HISTORY 24N: Stalin's Terror: Causes, Crimes, Consequences

This course explores the period of Stalin's rule in the Soviet Union from 1928 until 1953 and focuses on what the Russians called "the repressions." This includes, the war against the kulaks, the Ukrainian famine (Holodomor), the operations against the nationalities, the Great Terror, the deportation of the "punished peoples," the expansion of the Gulag (prison camp system), the Leningrad Affair, and the Doctors' Plot. The origins of these events are still controversial, as are their impact on the development of the Soviet Union. Scholars also continue to argue about the numbers of deaths involved. Students will discuss the arguments about Stalin's crimes using newly available documents, memoirs, literary sources, and other materials. We will visit the Hoover Archives, view the poster and film collection there, and discuss the period with archivists.
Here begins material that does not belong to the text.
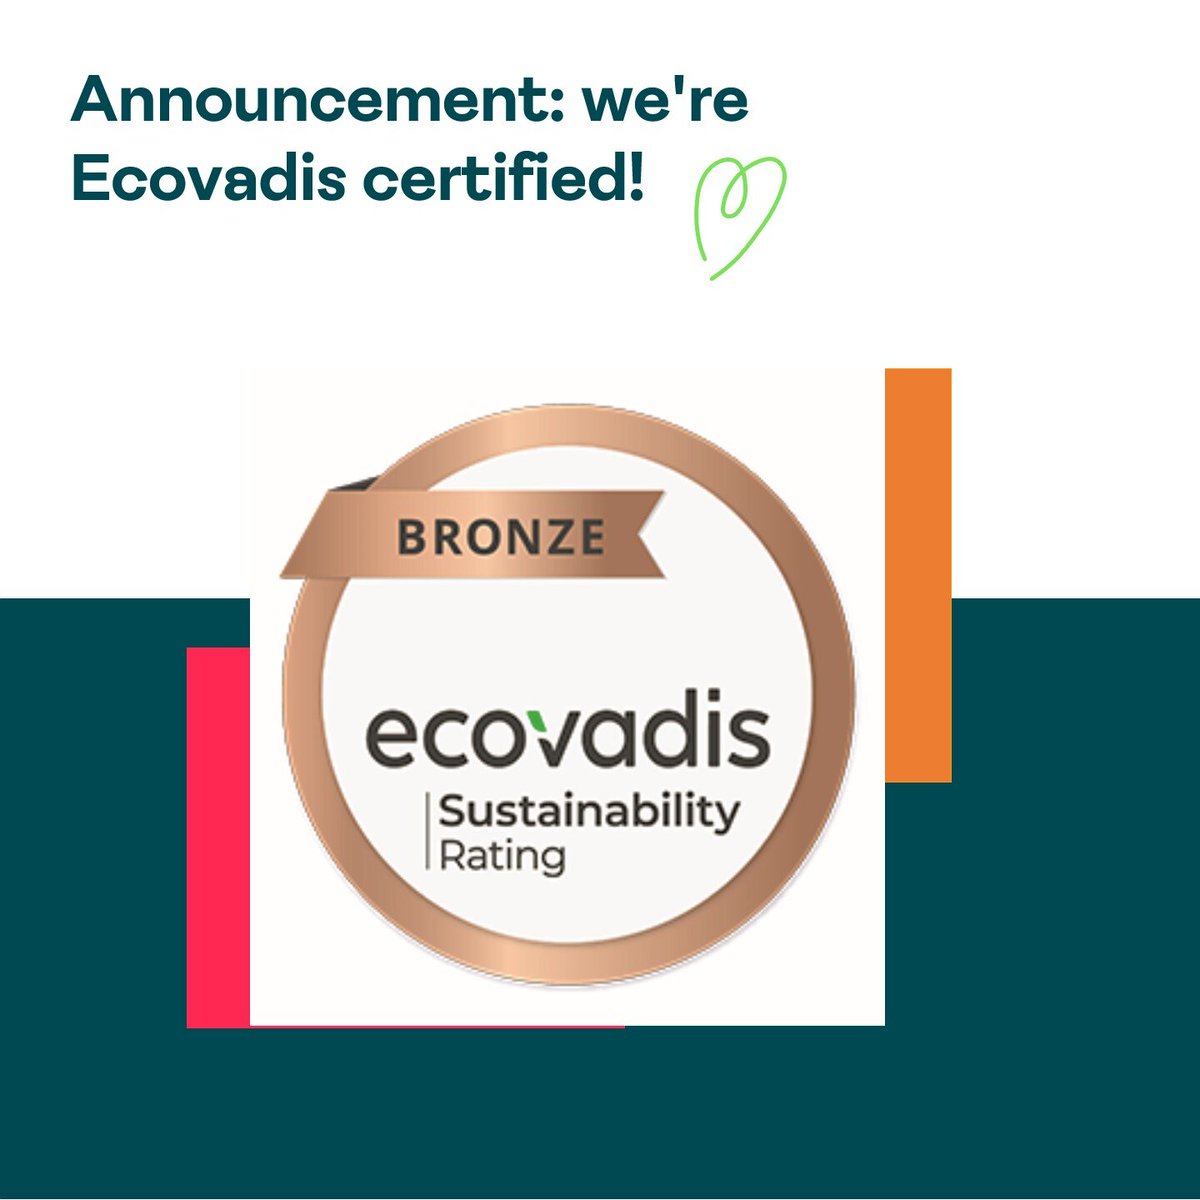 🚨Announcement!🚨 We're delighted to be Ecovadis certified! While we have maintained our Bronze Sustainability Rating, we're thrilled to have made changes within our positioning. We now rank ahead of 81% of companies rated by Ecovadis! #dowhatmatters #regenerativesustainability

Viewing films and documentaries, we will also reconstruct the lives of the people faced with the daily threat of denunciations and arrest. "Life has become better comrades; living has become happier..." was an often repeated slogan during the period of Stalin's terror. We will examine how that slogan translated into reality.
Terms: Aut | Units: 3 | UG Reqs: WAY-SI
Instructors: Naimark, N. (PI)

HISTORY 42S: Cannibalism in Early Modern Europe: The Ultimate Taboo in Historical Context

Cannibalism (or anthropophagy) may be one of many societies' greatest taboos, but how have ideas about the act changed over time? Taking a historical perspective on cannibalism, this course explores its meanings in Europe during the early modern period, when the word "cannibal" emerged in the context of the "discovery" of the Americas. Focusing on cannibalism offers insight into events like the witch craze, the Reformation, and colonization, as well as larger issues such as social and religious conflict, responses to disasters, and ideas about human nature.